Entering his second season in Purple after signing with the Vikings as a free agent in 2016, Boone isn't one to sugarcoat things in the locker room.
Similarly, his approach to the Gila River Indian Community was a direct one, albeit knowing it would be a difficult topic for a number of people in the room. Boone said he was especially impacted by an older woman who told him that her son passed away in 2016 as a result of alcoholism. He was 25.
"[That] hit home for me," Boone said. "She was basically applauding me for not being too much of a man and getting help.
"At the end of the day, we don't know how [addiction] touches people, but I know it touches everybody in some way," Boone continued. "When I heard that, my heart broke for her. You could tell she was very distraught, and I gave her a hug. But sometimes people need to hear the truth."
Pico, who has worked in player development for the Vikings since 2005, was proud to see that side of Boone and hear him share such a personal and powerful story.
He believes that Boone's authenticity helped drive the point home for so many community members.
"It almost cost him his life, and it almost cost him his family, which is the most important thing in the world to him," Pico said of Boone, who is now married with three children. "So many people came up and said, 'We're so glad he spoke from the heart.' "
Community counselors and local law enforcement approached Pico following the presentation and said that Boone "did more in 45 minutes of talking" than they felt they had accomplished in a year's worth of work.
"My brother Brad said that the next day, that was the talk of the community," Pico said. "It's all they talked about, was this issue.
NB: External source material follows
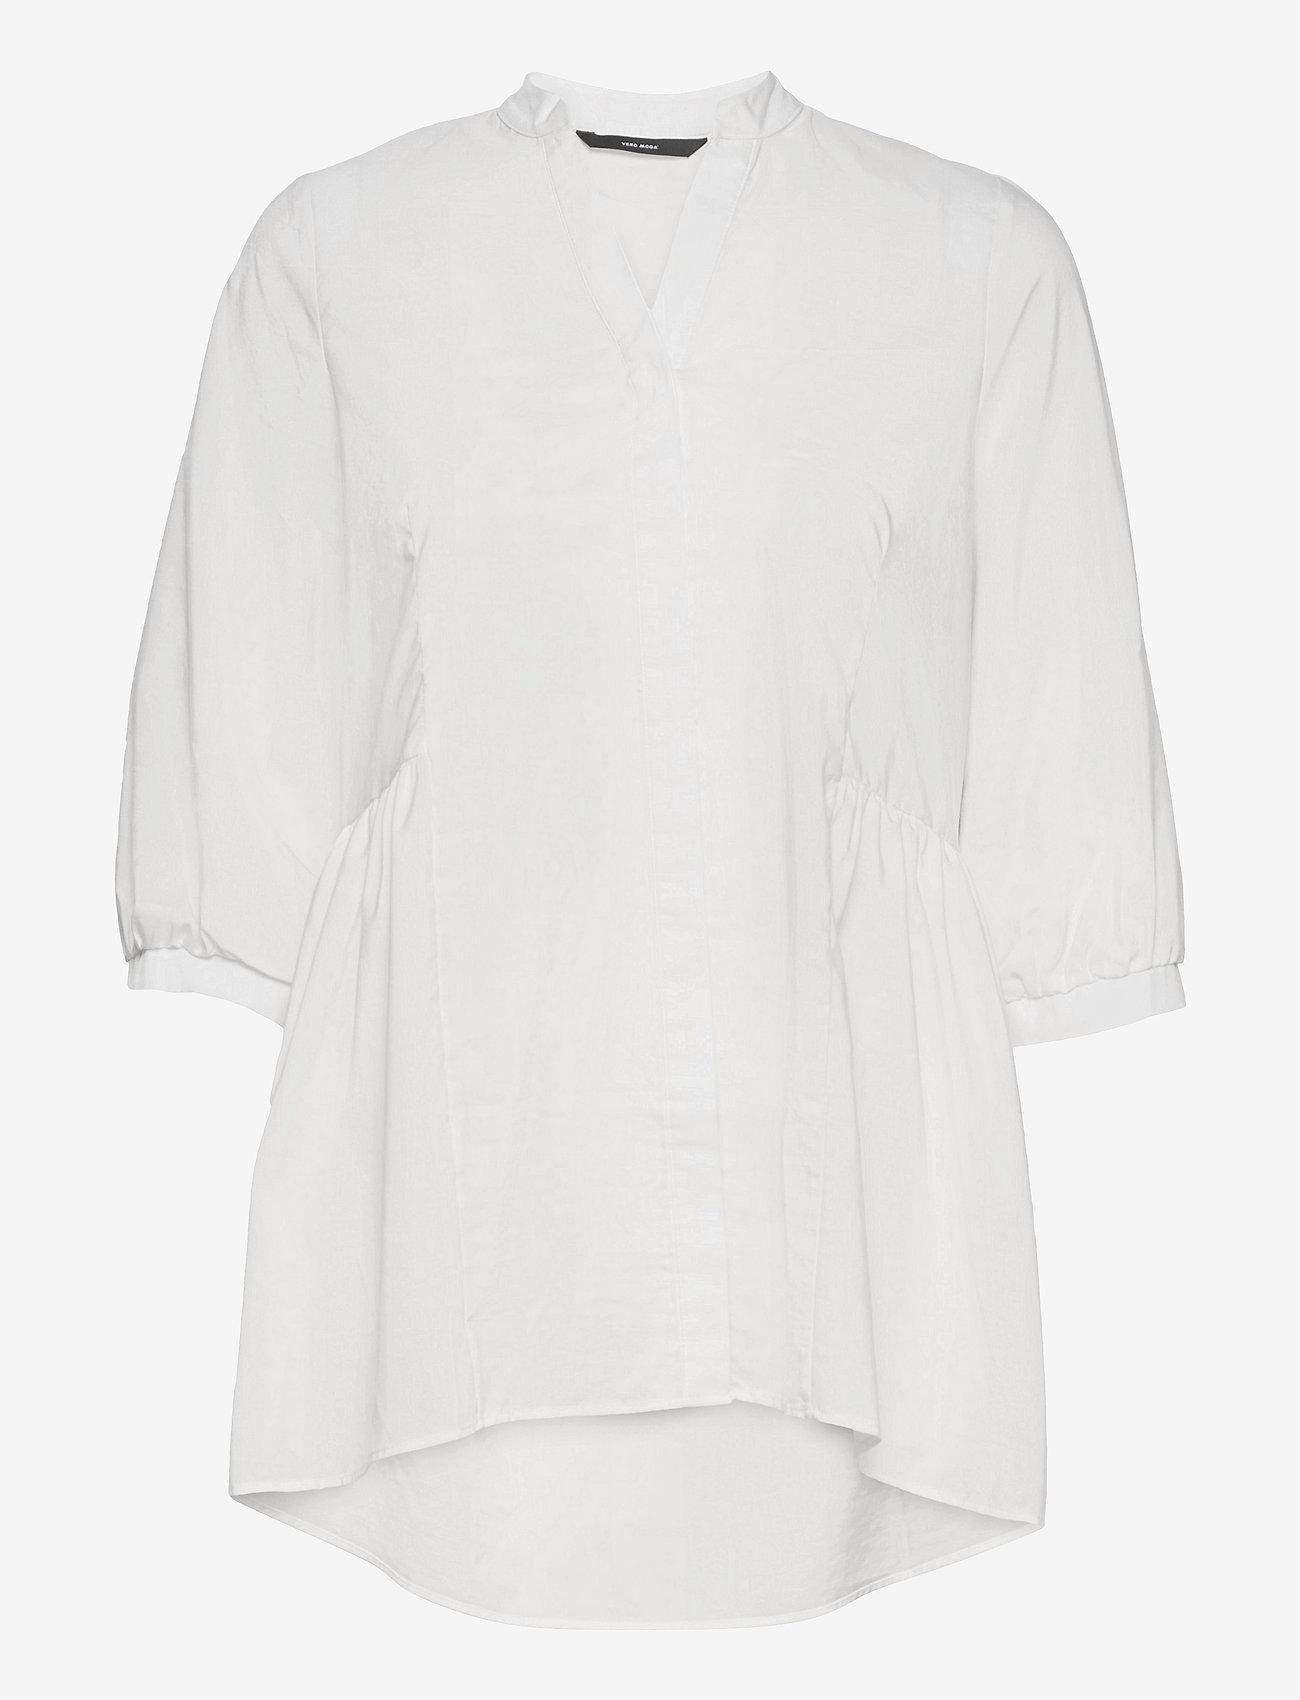 Vero Moda - VMCLARA 3/4 LONG SHIRT - långärmade skjortor - snow white - 0

It was a good thing."
When Boone dons his jersey, laces his cleats and takes the field on Sundays, his goal is to protect the quarterback and help win games.
Off the field, however, his goal is to use his past as a way to help the future of others. His mission was accomplished in Sacaton, Arizona.
"I love the platform that I have through football," Boone said. "There are so many people who will listen to you because you do play in the NFL and they want to hear what you have to say.
"Maybe at first it doesn't hit right away, but later on it's going to hit home. I think that's such a great thing," Boone added.